Distribution of Bills and Other Publications Now Withheld From Distribution to the Libraries.
There is no doubt but that some libraries, even under the present liberal distribution of government publications, fail to receive everything they should, and I am thoroughly in accord with the opinion expressed during your discussion that means should be provided to enable the libraries to receive those publications of a public character that are now withheld from distribution. It is gratifying to note that in Senator Smoot's printing bill, which has been reintroduced in the present Congress, there are provisions intended to supply remedies for certain existing conditions.
Section 65, paragraph 1, to which I refer, provides that a sufficient number of copies of those publications of Congress which do not bear a congressional number, including the committee publications now withheld from distribution to depositories and those printed elsewhere than at the government printing office, shall be supplied to the libraries. It is also worded so as to prevent the departments from withholding some of their publications from the depositories.

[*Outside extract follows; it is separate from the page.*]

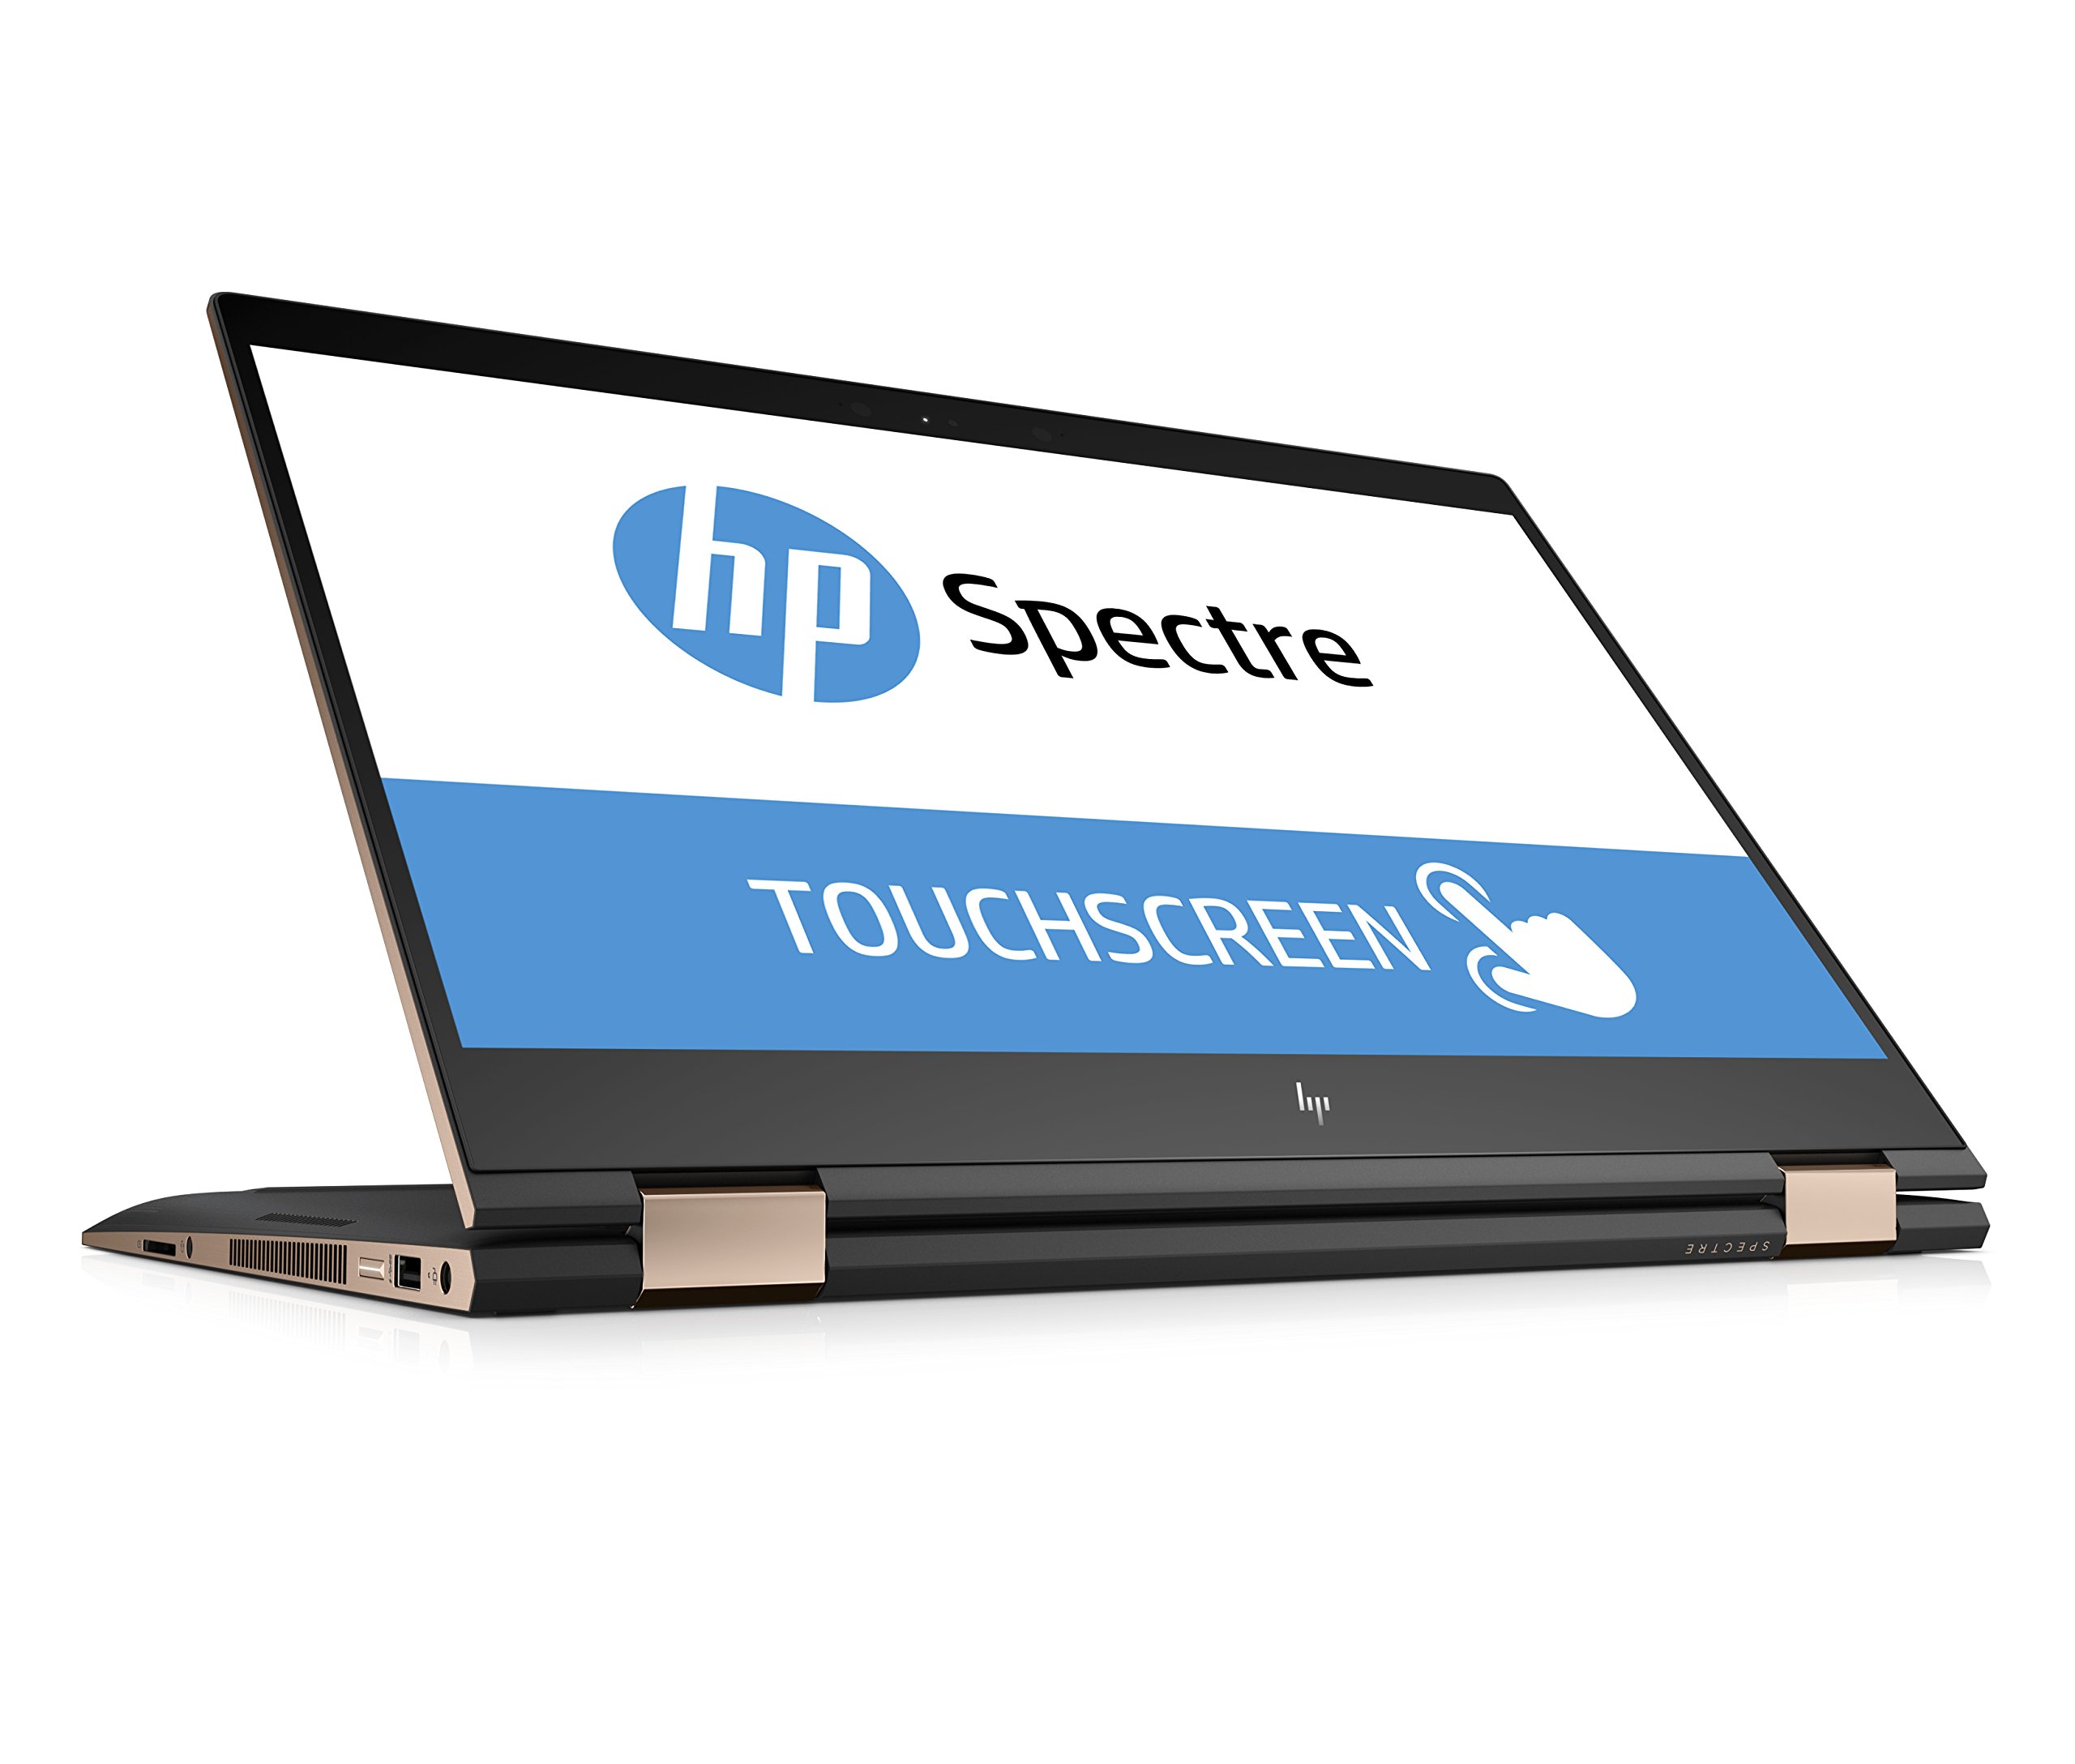 HP Spectre x360 laptop with headphones icon

The printing committee no doubt had in mind when this provision was framed that, under the provisions of the existing law, too much discretion is given the departments, with the result that, contrary to the spirit of the printing law, libraries are being deprived of certain classes of publications that are really of a public character.
The question as to the best method to be employed in the distribution of bills is not so easy of solution. It would not be practicable for this office to attempt to carry even a limited supply, as the work involved in storing them in an accessible manner would involve an expenditure that I do not believe could be justified by the results.
During the 62d Congress there were introduced 28,870 House bills and 8,589 Senate bills, and you can readily see that to handle an adequate stock of all those bills would be considerable of an undertaking. At the present time the only distributing agencies for copies of bills are the House and Senate document rooms at the capitol, but, although they sometimes furnish bills on request, the copies they receive are not intended for general public distribution. It seems to me that the solution supplied in your suggestion, that the text of all public bills upon which committee reports are made should be printed with the reports, is the most logical one that has ever been presented, but it would not be practicable to include also the testimony taken at hearings held by the committees, for in many cases the testimony would fill several large volumes. Besides, section 65, already referred to, provides that the libraries shall receive such hearings. Of course this section is not yet law, but we are permitted to hope that it may become so.
This is desirable from more than one point of view. It is often the case that committee reports refer to sections of the bill under consideration by number without quoting the language. In such cases the report may be unintelligible to any reader who has not a copy of the bill before him. In fact, nearly all committee reports not accompanied by the bills to which they relate may properly be classed as incomplete and imperfect publications.
The question of cost involved in printing the text of bills as appendixes to the committee reports upon them is not serious. While the number of bills introduced in Congress and receiving a first print is prodigious, and the cost of printing them in 14-point type with as many white lines as type lines is tremendous, it must be remembered that only a very small percentage of the bills introduced ever get so far as a committee report, and of these a considerable number are already printed with the reports by order of the committees, and the cost of printing the remainder in solid 8-point is so very much less than the cost of printing them in the extended bill form that it is almost negligible.
I do not think it is too late for the Association to submit to the joint committee on printing an amendment providing for the printing of the text of bills and resolutions as appendixes to the committee reports upon them. The pending bill may not pass, or may be extensively amended before passage, or may not be acted upon at the present special session, but I consider it probable that a general printing law of some kind will be enacted at a comparatively early day, and that the American Library Association may, by proper effort, secure the incorporation in it of the desired provision for the printing of the text of bills with the committee reports.